**COLLECTED MATERIAL:**
Segment Open
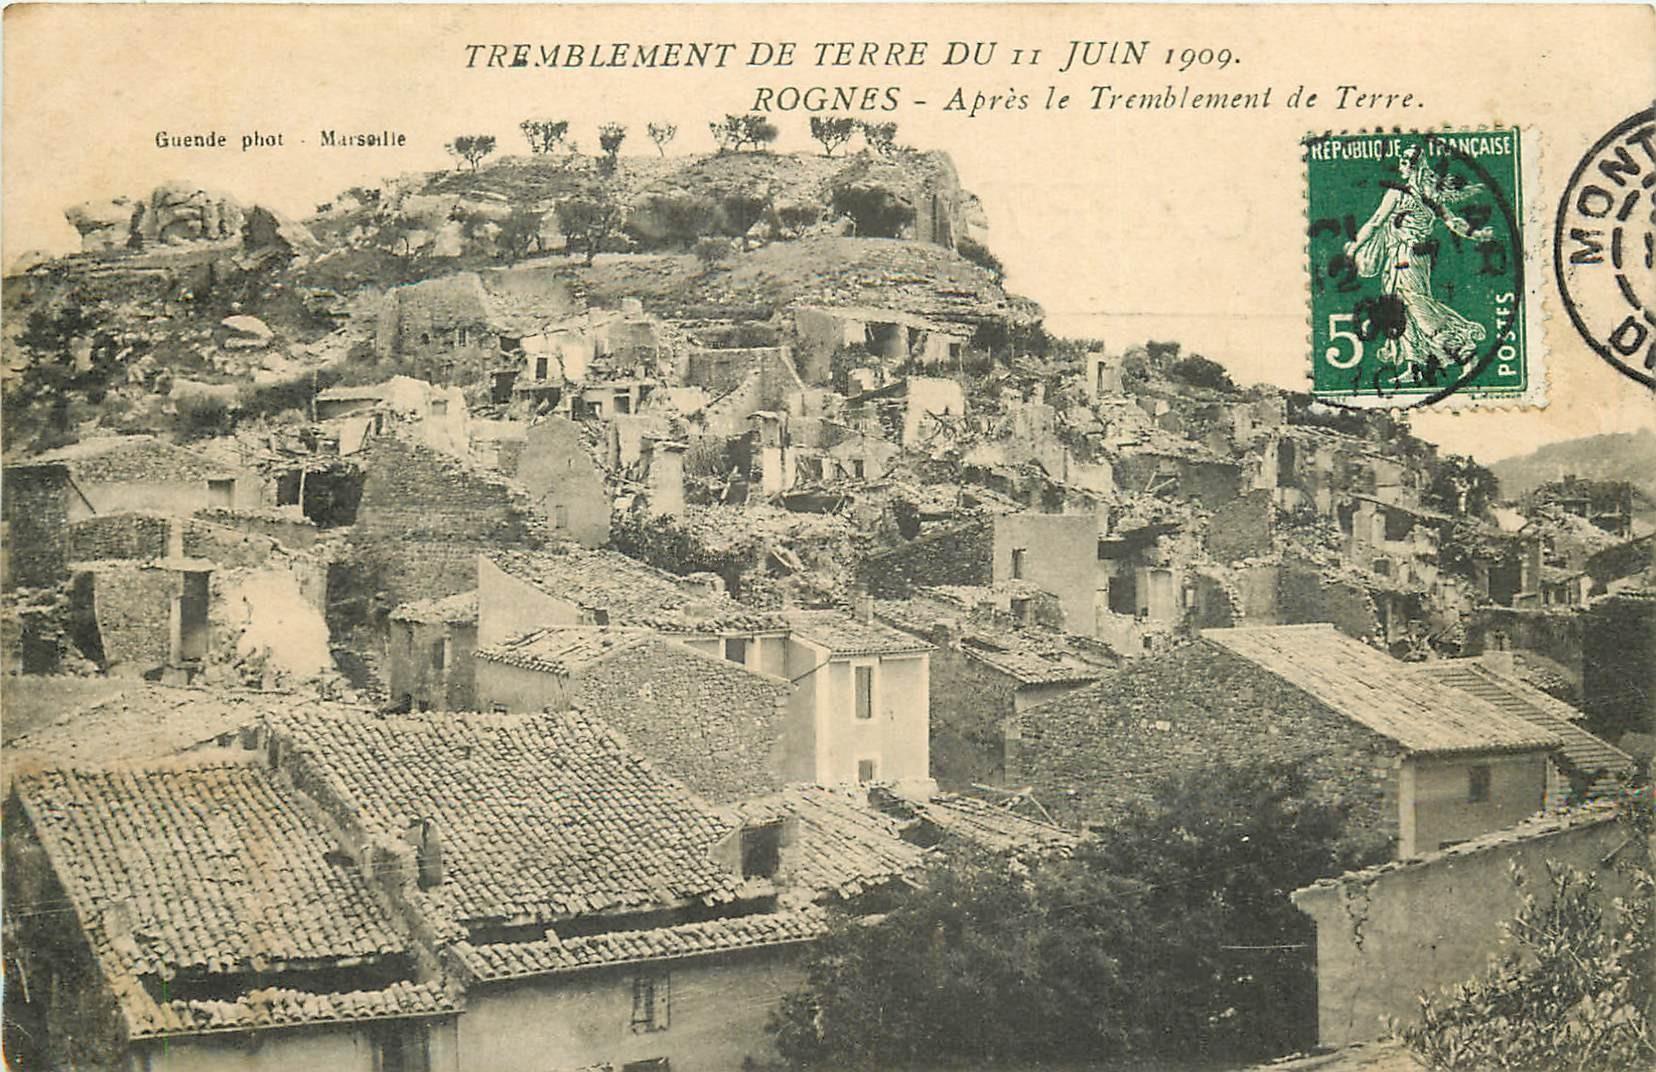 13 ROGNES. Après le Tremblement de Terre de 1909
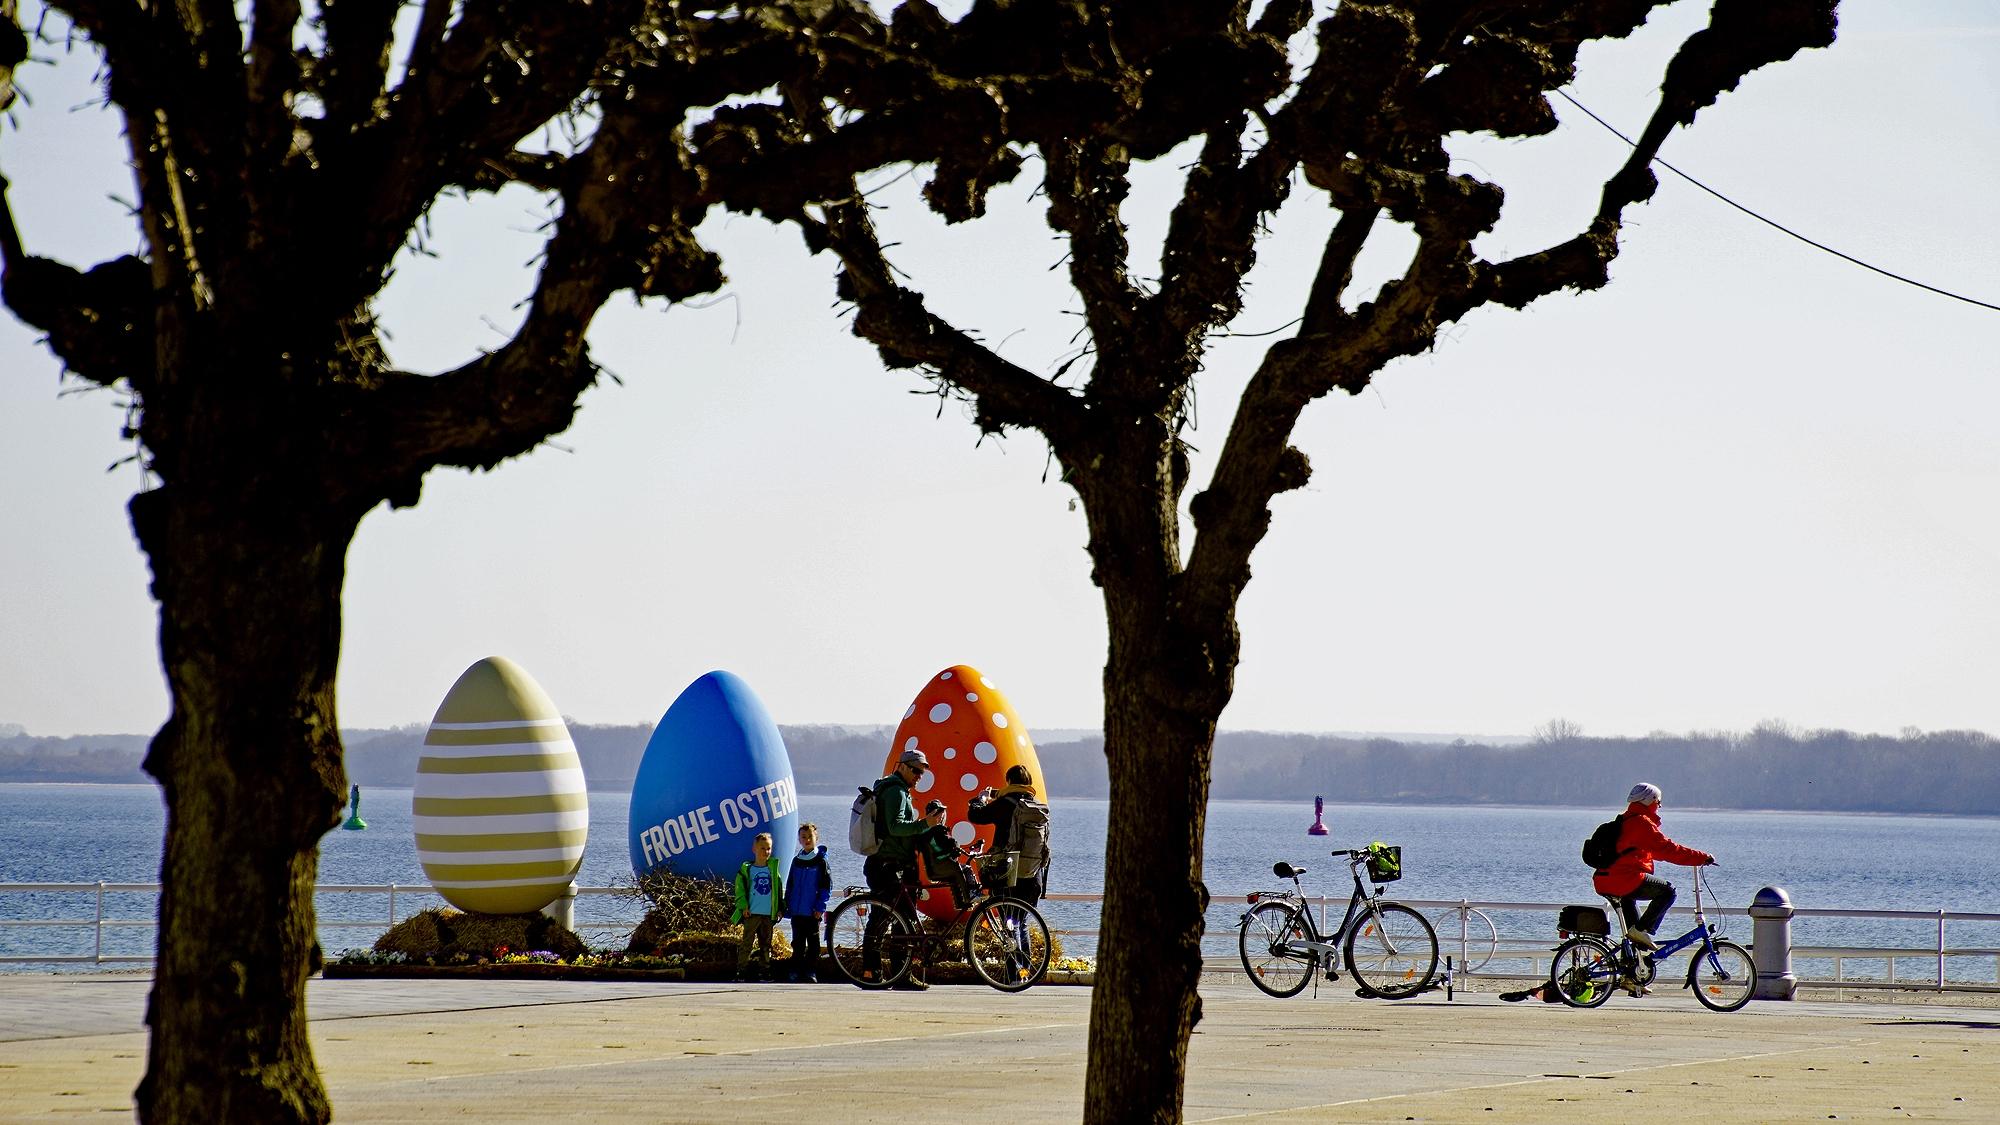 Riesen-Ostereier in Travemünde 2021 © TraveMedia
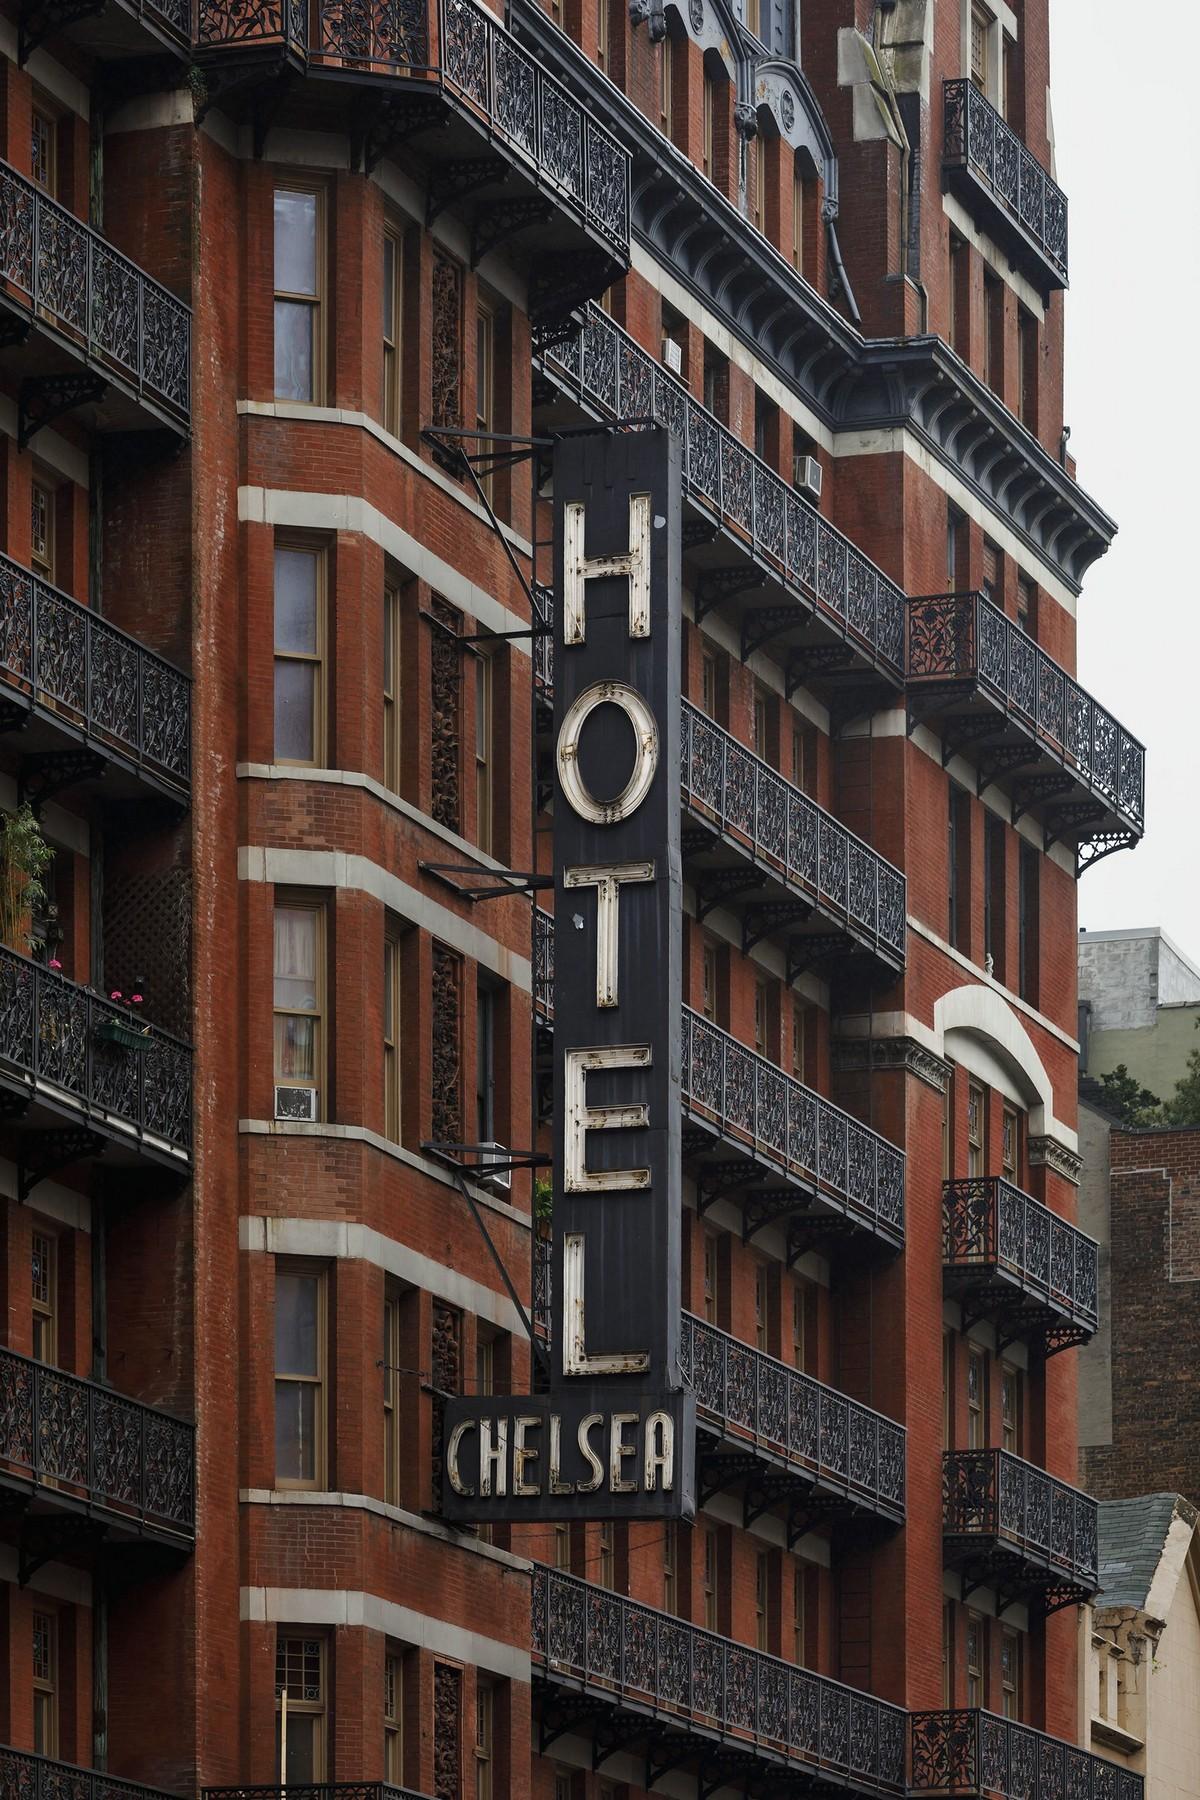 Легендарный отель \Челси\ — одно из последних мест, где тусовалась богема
Segment Closed
**WHAT YOU HAVE TO DO:** Only the lines from the one with "Riesen-Ostereier in Travemünde" to the last line of the listing, inclusive, are to be set down, exactly as they stand and without pictures.

**SOLUTION TO THE PROBLEM:**
 Riesen-Ostereier in Travemünde 2021 © TraveMedia
 Легендарный отель \Челси\ — одно из последних мест, где тусовалась богема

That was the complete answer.